1) Using Blast on a "local" machine:

Many completed genomes can be found on the NCBI FTP site (ftp://ftp.ncbi.nih.gov) in the folder named genomes. The eukaryotic genomes are accessible from the genomes directory while all prokaryotic (bacteria + archaea) genomes are stored in the the subfolder /bacteria (a clear case of archaeal discrimination).

Download four genomes of your choice. The first two should be from distantly related organisms (e.g. one Archaeon, one Bacterium, if in doubt of what to choose, go for one of the Thermotoga and one of the Pyrococcus genomes.
For the second exercise two or more genomes from closely related bacteria or archaea are needed. Two or more of the Aeromonas genomes would be interesting):

Method: Go into the bacteria sub-folder using the ftp://ftp.ncbi.nih.gov link. Click on the appropriately named folder (e.g., Pyrococcus abyssi, Pyrococcus is a member of the archaeal domain).

Among the files in these folders we are interested in is the .ffn file which contains all nucleotide sequences for individual predicted ORF's, the .faa file which contains the predicted ORF's amino acids sequences, and the .fna file, which contains the whole genome. These files are in a fasta format.

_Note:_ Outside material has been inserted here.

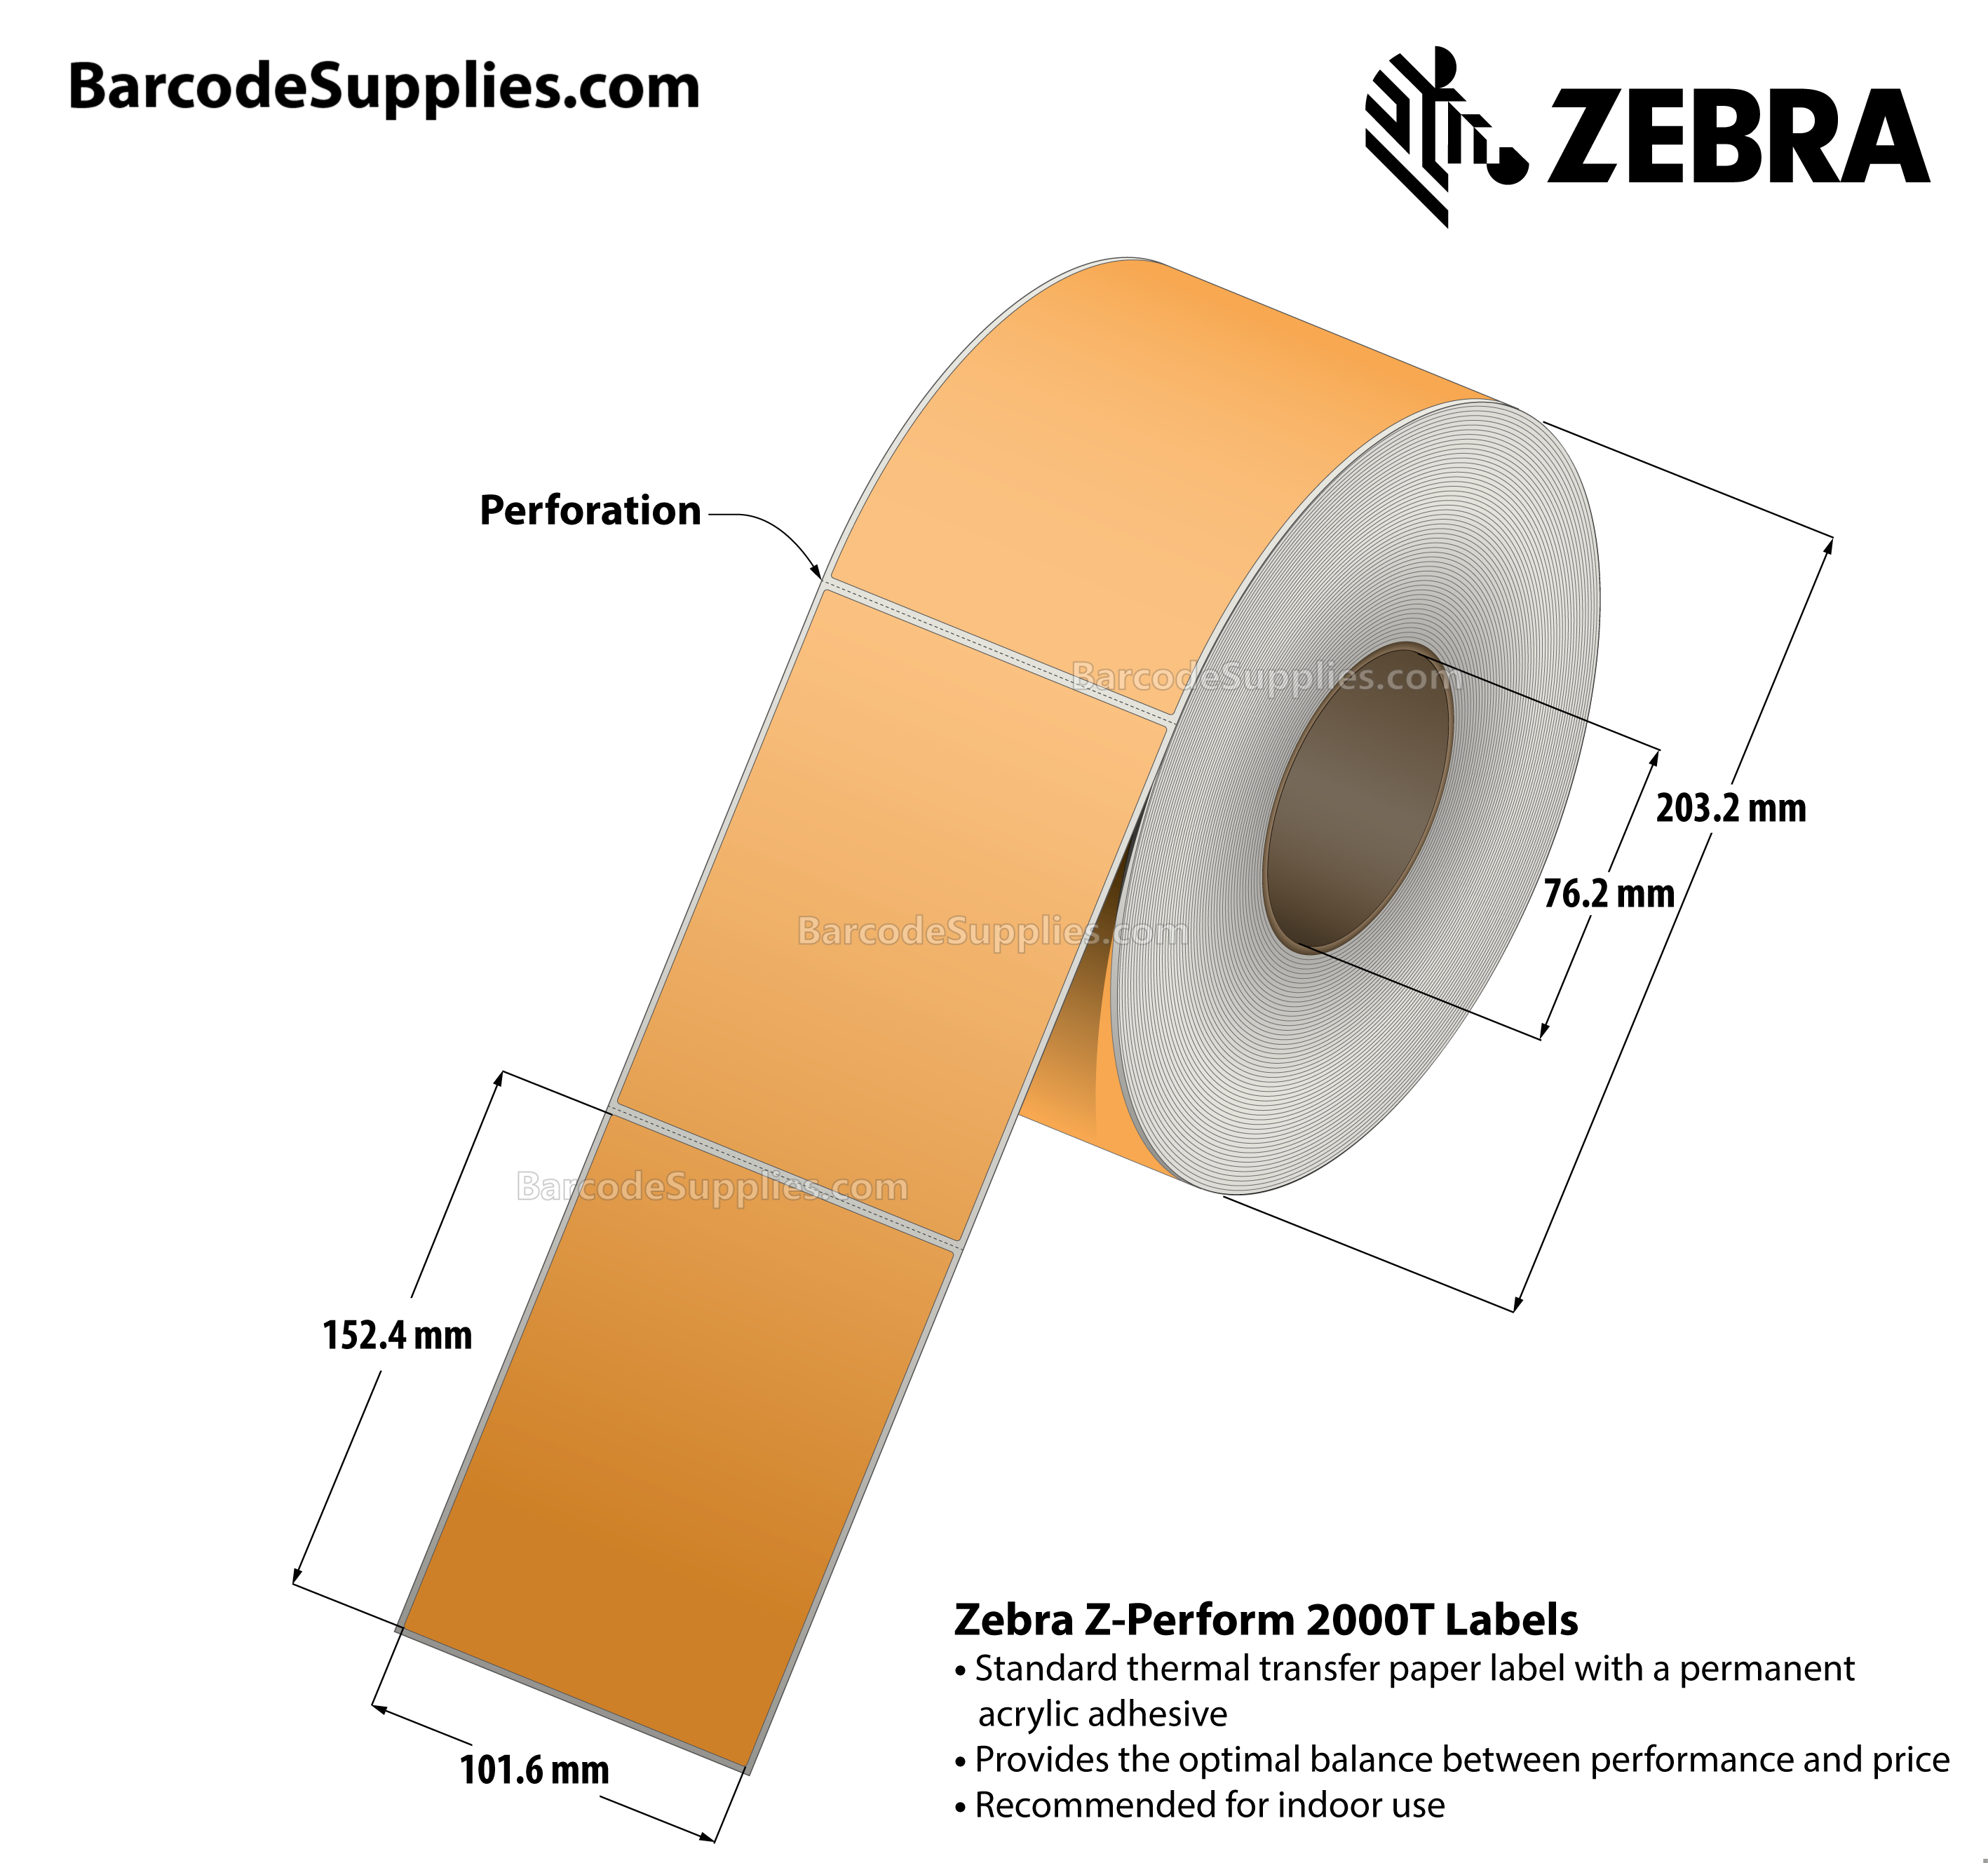 4 x 6 Thermal Transfer Fl. Orange - PMS 804 Z-Perform 2000T Floodcoated (Fl. Orange) Labels With Permanent Adhesive - Perforated - 1000 Labels Per Roll - Carton Of 4 Rolls - 4000 Labels Total - MPN: 10006208-7

Another file of interest are the ptt files that contain information on the individual annotated open reading frames. This file is useful, if you want to map ORFs by position in the genome. For this exercise we will only use the .faa files and the .ptt. If a folder contains more than one .faa file, either take only the file containing the data from the chromosome (for the first exercise you could take all of the faa files and copy them into a single file*. The same approach is recommended, if you want to use more than one genome as target.) On your computer rename the files into something you recognize. (e.g., p_abyssi.faa and t_maritima.faa).

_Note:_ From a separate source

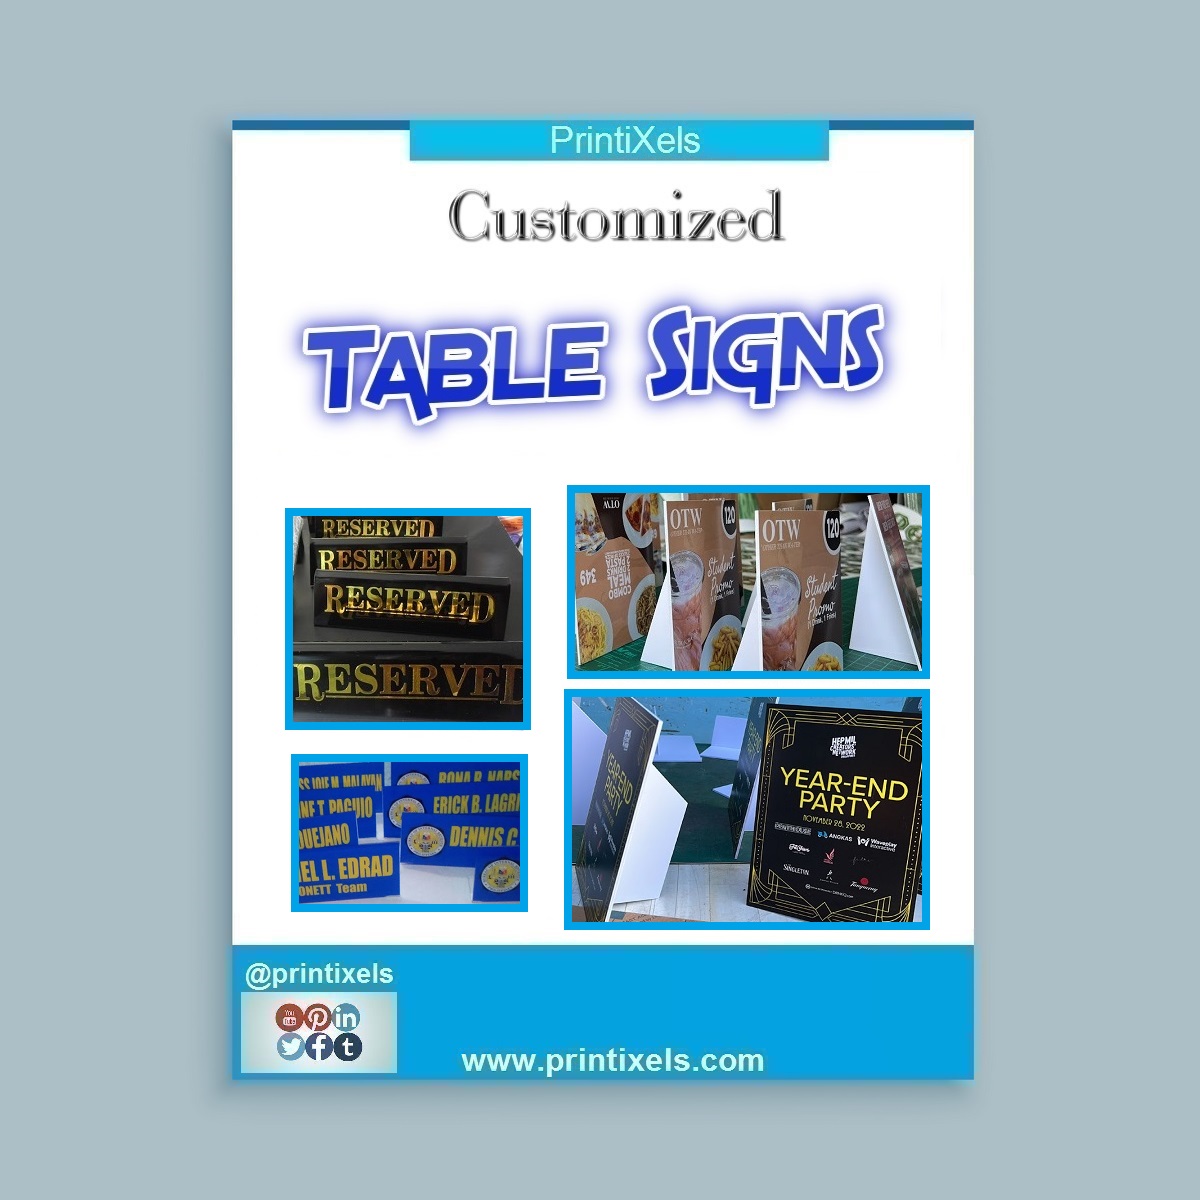 Customized Table Signs Philippines

More preparation: Often it is nice to have a text editor that uses context dependent coloring, especially, for creating scripts. For Macs a very nice program is textwrangler. The latest version is here, older versions for older operating systems are here.

Connect to the server bbcsrv3.biotech.uconn.edu.

You will need two connections to the server,
(A) a terminal window that allows you execute commands from the command line, and
(B) a program that allows you to move files back and forth.

For A:

On a windows machine download and install the ssh client from ftp://ftp.uconn.edu/restricted/ssh/ . Install the program, it should include both a terminal program and a file transfer program. Open the terminal program and connect to the server. Your username is mcb3421_nn, the password is case sensitive and on the white board.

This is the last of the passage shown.